The B19 parvovirus genome encodes five proteins: two capsid proteins, two
unknown proteins and one NS1 protein. The NS1 protein assists with the replication
and cleavage of the viral DNA. Figuring out the functionality of the NS1 protein will
allow us to find the process of DNA cleavage and replication for the B19 viral
genome. Through a series of biochemical experiments we were able to find the
optimal condition for the cleavage and removal of the recombinant tags from the
nuclease domain via TEV-protease. Because of these biochemical experiments we
were able to get a pure protein and find out that the nuclease domain of the protein
is functional. Throughout this process the nuclease domain precipitated; the use of
10% glycerol aided in the solubilization of the nuclease domain. The nuclease
domain was successfully purified and functional DNA cleavage reactions revealed
specific and non-specific ssDNA cleavage of oligonucleotides Ori-Top 20, 24, and 67.
Introduction
Cossart et al. discovered the human parvovirus B19 in 1974 through a serum
sample in the 19th column of panel B (1). The B19 parvovirus was the only member
of the Parvoviridae known to be pathogenic to humans until the recent discovery of
human bocavirus and the human parvovirus 4(1, 2). The virus is highly
erythrotropic, which means that it replicates in human erythroid progenitor cells
(4).
The parvovirus B19 is widespread and when manifested in a healthy child,
the child can develop a rash illness and even erythema infectiosum (1).
The parvovirus B19 is also known to infect adults and can be fetal to pregnant
women causing fetal death in utero or hydrops fetalis (1). Figure 1 demonstrates the
schematic life cycle of the parvovirus B19 where the virus attaches itself to the cell
(1) and creates an entryway into the cell in order for replication to occur (8). NS1 is
a necessary component responsible for viral genomic replication.
Figure 1: Schematic structure of the parvovirus B19
The virus is categorized as a parvovirus due to the fact that it is among one of
the smallest viruses to contain a single-stranded DNA that is able to infect mammals
(1). The parvovirus B19 has genome of 5,596 nucleotides where the terminal

3. sequences are palindromic (1). This palindromic structure is important because it
acts as a duplex configuration, which serves as primers for the synthesis of the
complementary strand (1). The virus’s genome is relatively simple in structure and
is composed of two large open reading frames with several proteins (1).

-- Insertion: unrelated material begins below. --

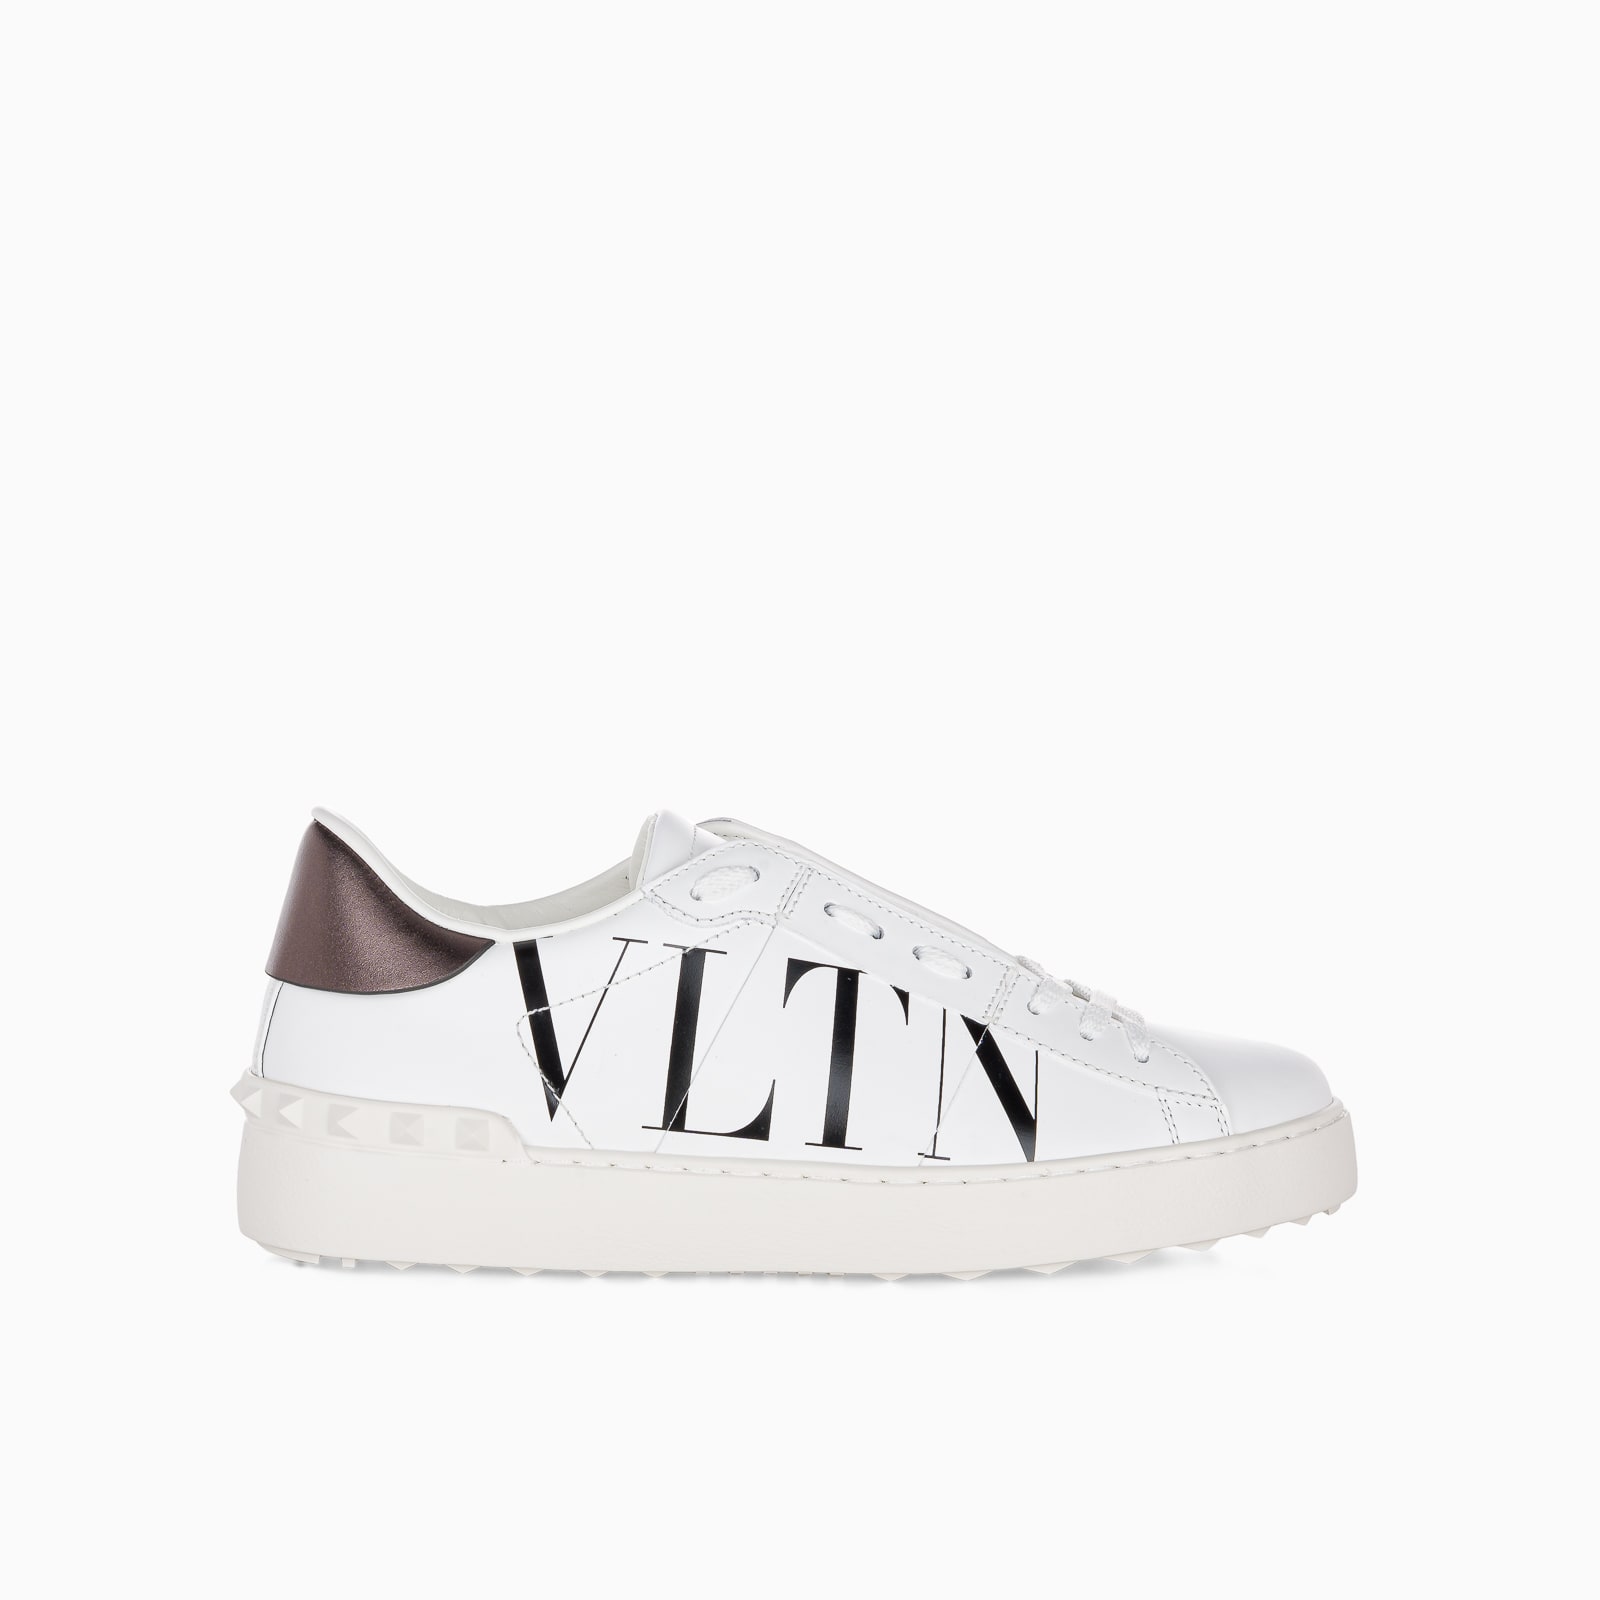 Buy Valentino Open Calfskin Sneaker online, shop Valentino shoes with free shipping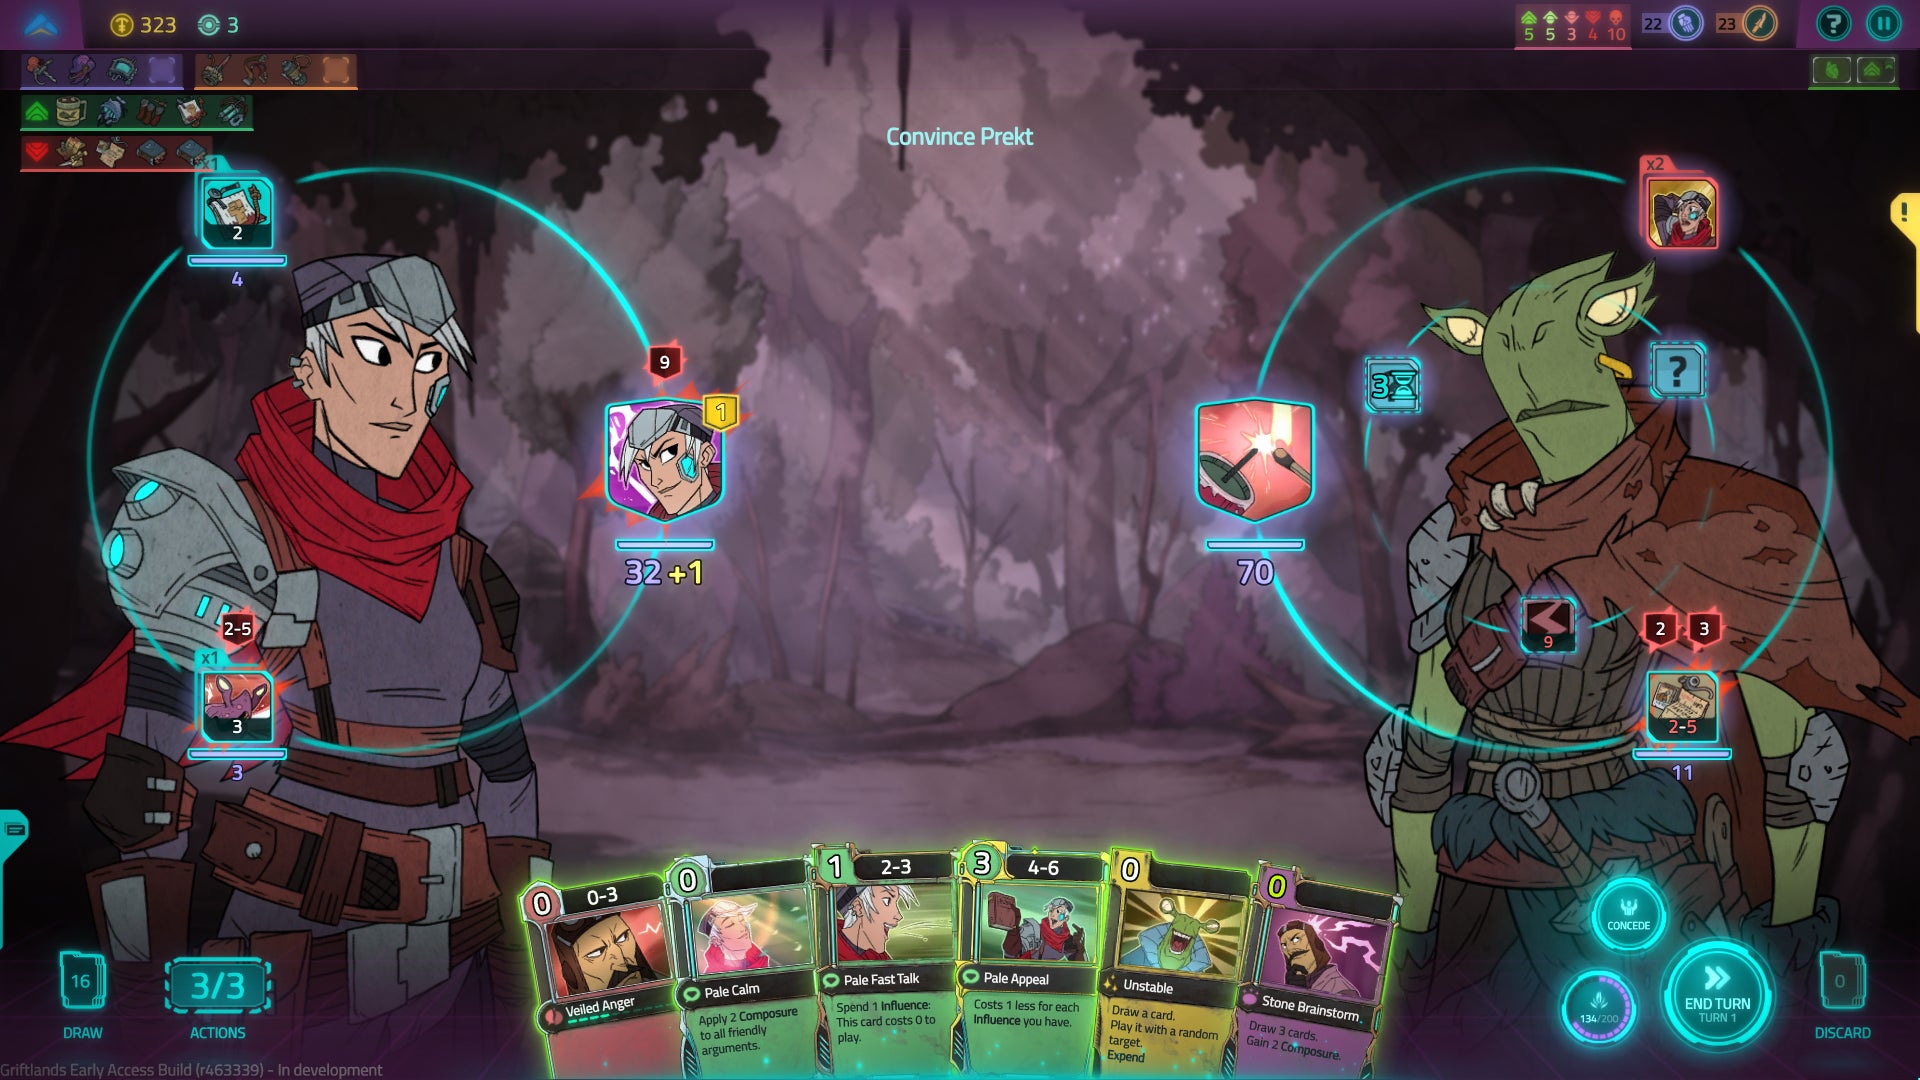 A Griftlands screenshot of a negotiation "battle" between the player character and a character called Prekt.

Since the genome is coded of five proteins and a single-stranded DNA, it is
not a very complex genome (1). Two of the proteins are capsid proteins (VP1 and
VP2) and one is a nonstructural (NS1) protein; the other two proteins are 7.5 kDa
and 11 kDa with unknown functions within the parvovirus (1, 4). The capsid
proteins form icosahedral structure, which have sixty capsomers (figure 2).
The VP2 is the larger of the capsid proteins and is about 96% of total of the
two-capsid proteins (1). VP2 can self-assemble even when there is no viral DNA and
can produce viral-like particles (1). VP1 is similar in structure of VP2 with a
difference of 227 amino acids (1).
The NS1 protein is a major nonstructural protein and may have site-specific
DNA-binding, ATPase and helicase activity (1). The NS1 protein is essential for the
replication of the viral DNA and also plays a role for the virus’s gene expression (3).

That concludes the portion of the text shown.